General Motors (GM) says U.S. auto sales slowed in the final three months of last year, pulling to a halt the momentum of a record annual performance.
The No. 1 U.S. automaker said Wednesday its third-quarter profit was hit hard by the shrinking availability of chips needed to build cars and trucks, resulting in a 30-cent per share hit to earnings.
GM reported a 9% decline in third-quarter net income to $2.3 billion and delivered earnings per share of $1.43. That compared with a consensus analyst estimate of $1.76, according to FactSet.
Before the report, GM shares were up 0.7% in premarket trading to $47.03.
Adjusted earnings, which exclude $1.14 per share in asset impairments and the loss on the sale of part of the Delphi automotive business, were $1.70 per share, compared with the $1.66 expected.
Overall sales in the period fell 2% to $42.8 billion.

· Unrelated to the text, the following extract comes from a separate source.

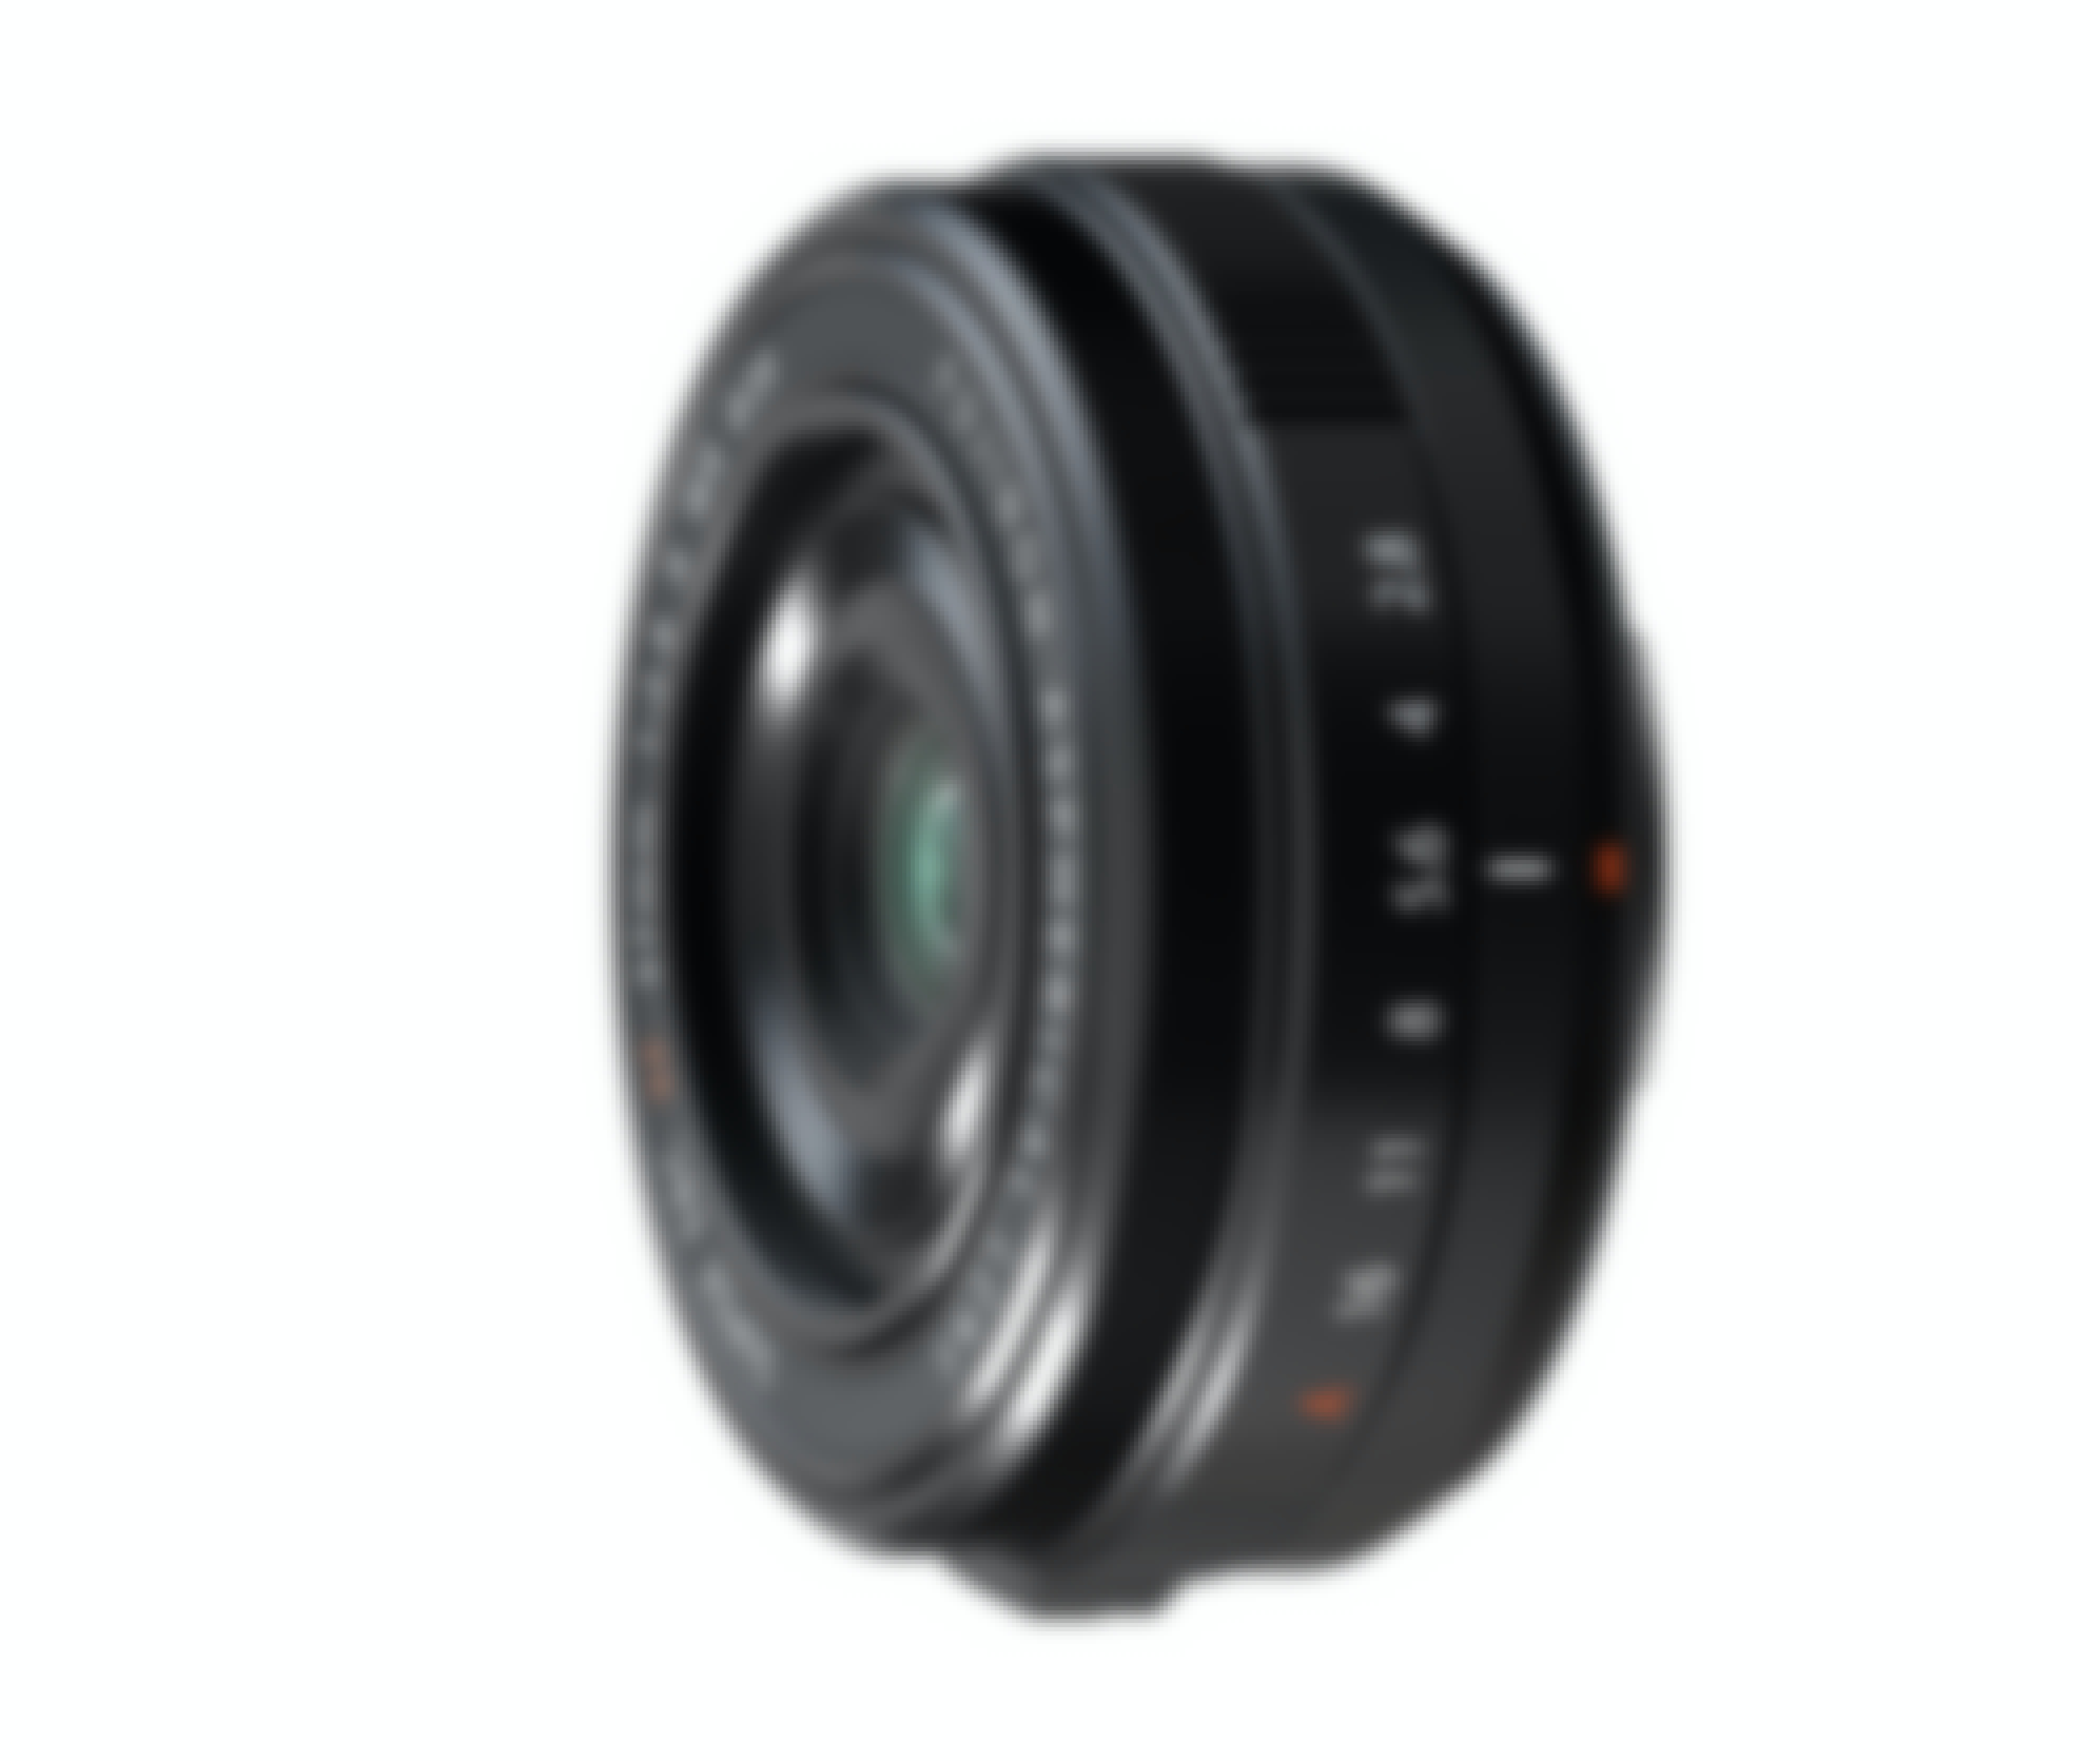 Fujifilm Fujinon XF 27mm F2.8 R WR
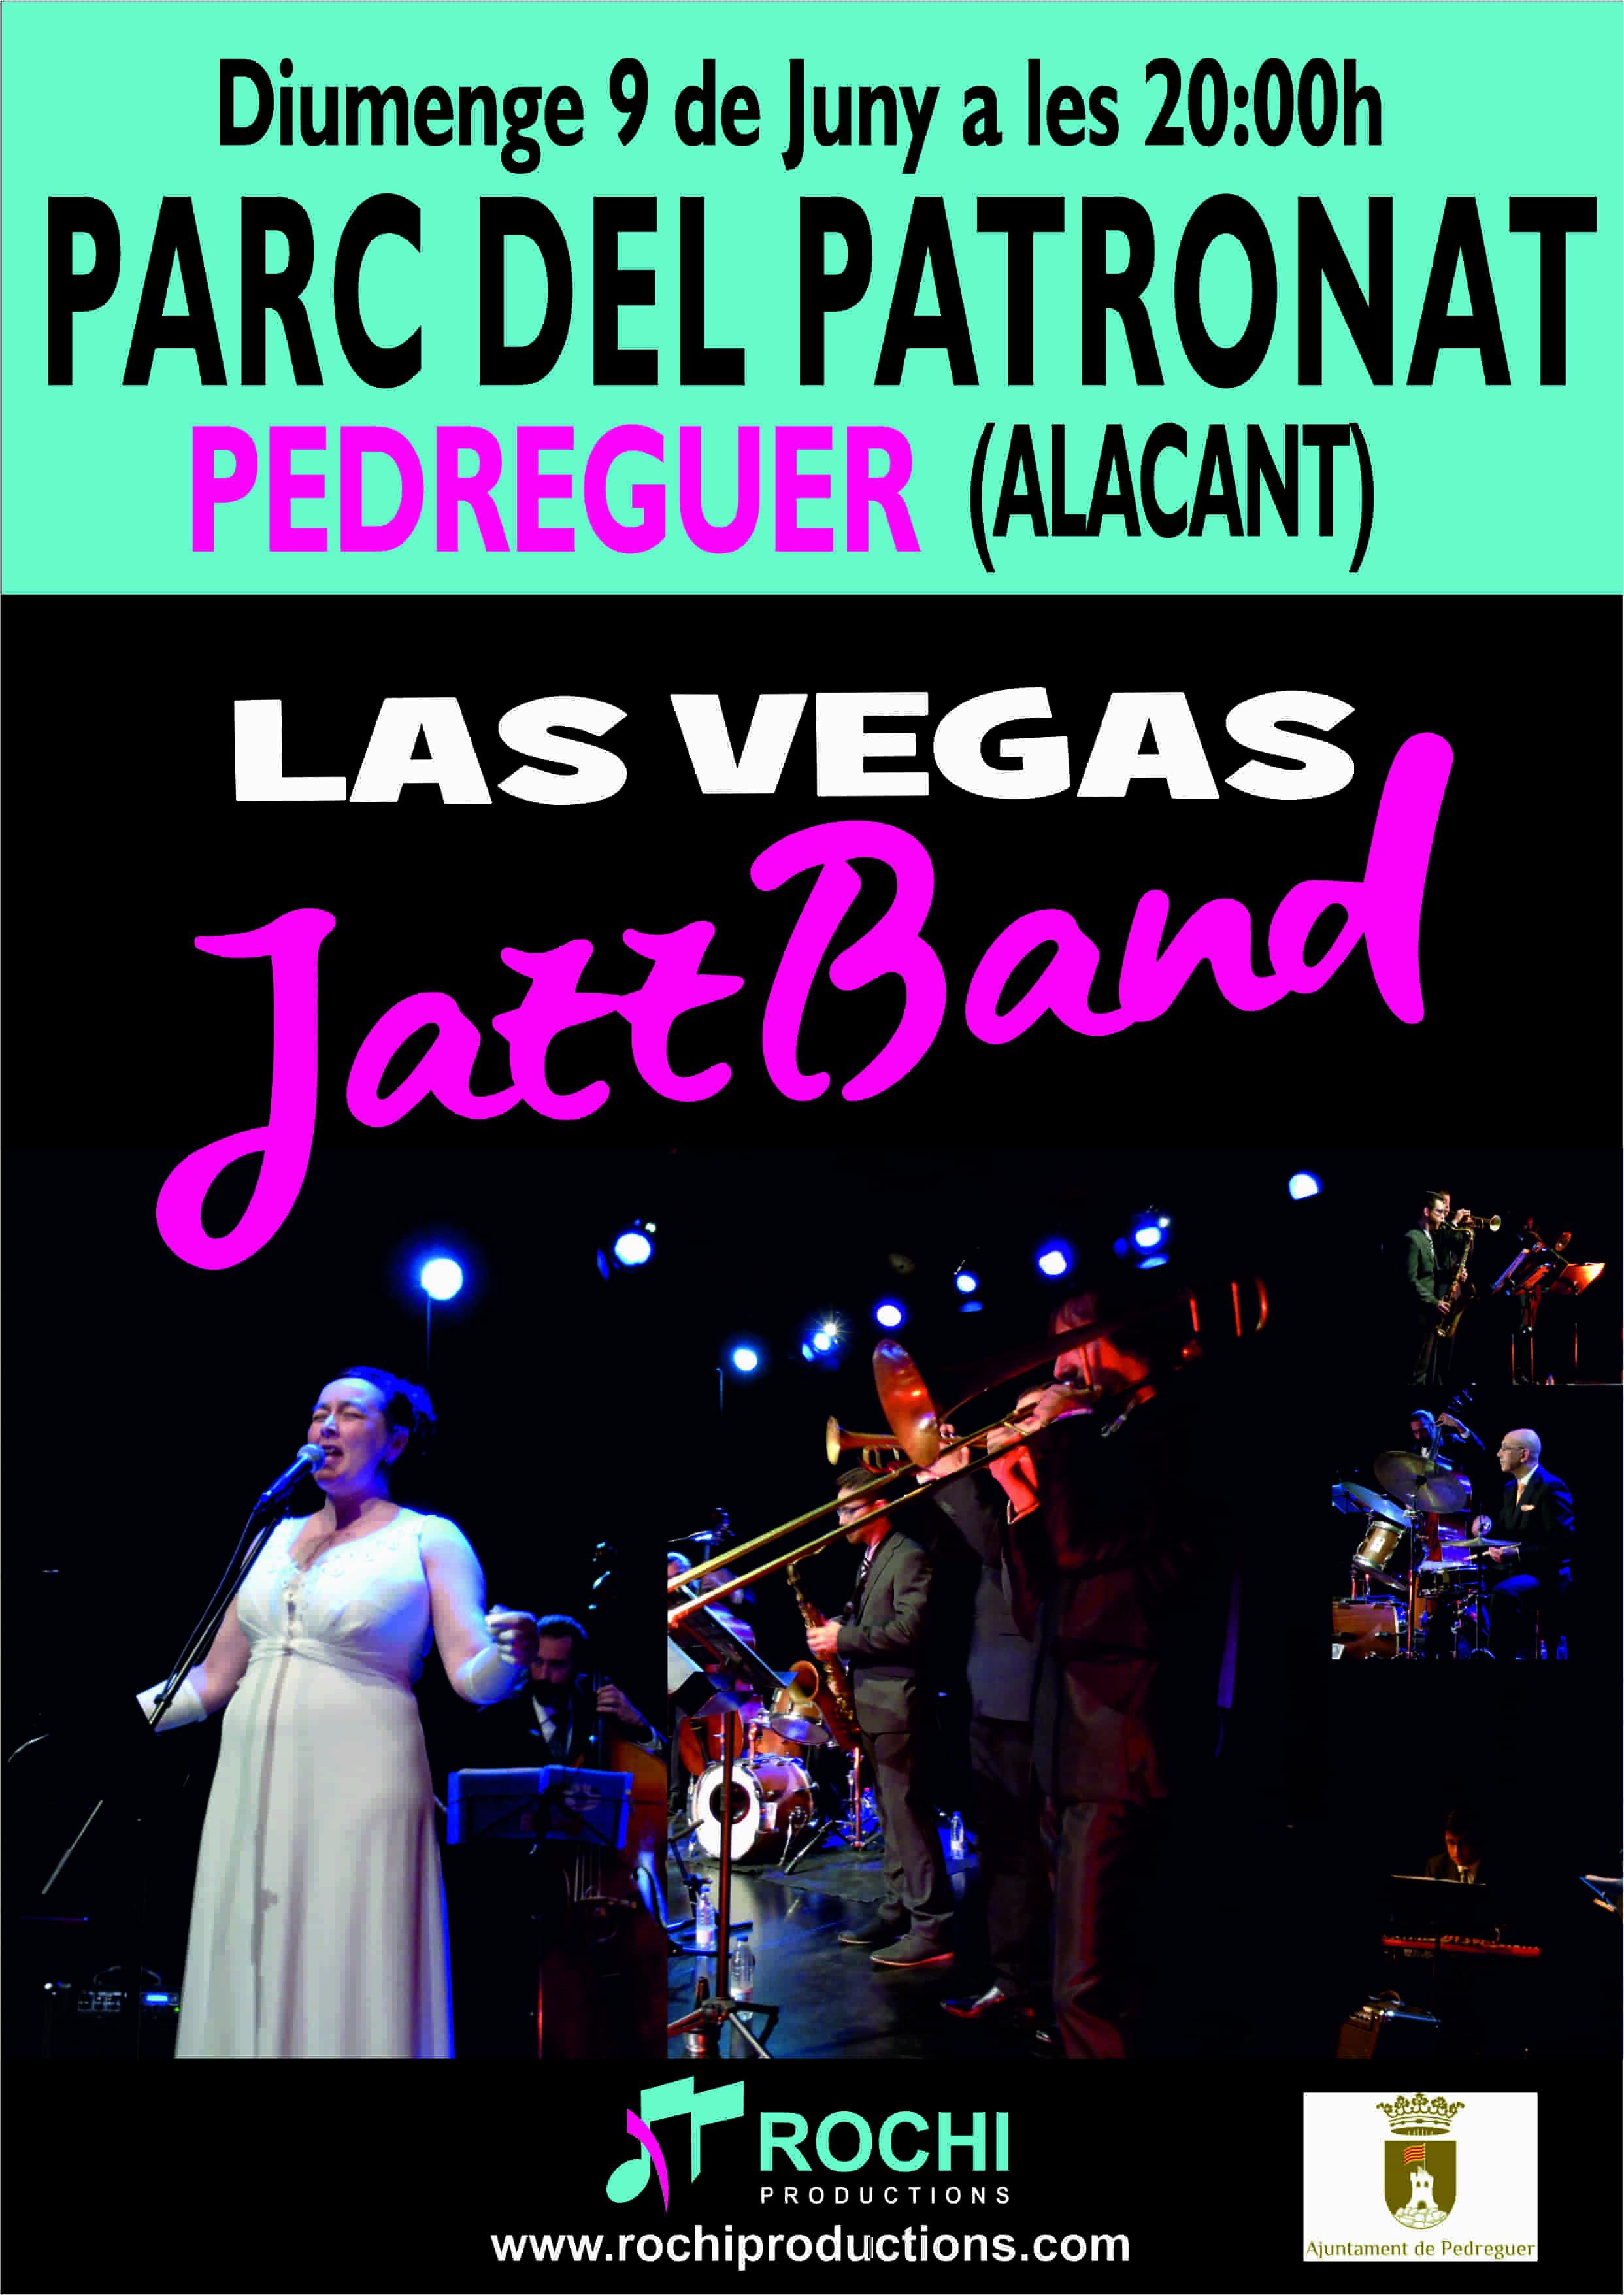 Las Vegas Jazz Band en Pedreguer

Without the property sale, GM sales would have slipped 0.7% to $43.8 billion.
The company cited a 10% decline in industrywide U.S. sales as the main cause for a 3% decline in U.S. deliveries. GM’s average transaction price, including incentives, rose to $33,500 from $32,500.
Last year, GM reported its best full-year sales since 2008 and its highest earnings in seven years. In 2017, the company took back its North American market share from Ford Motor Co. (F) after an uninterrupted period of being overtaken by its No. 2 rival.
However, North American operating profit fell 35% to $1.97 billion in the third quarter due to the chip shortage, which affected GM’s heavy-duty pickup trucks.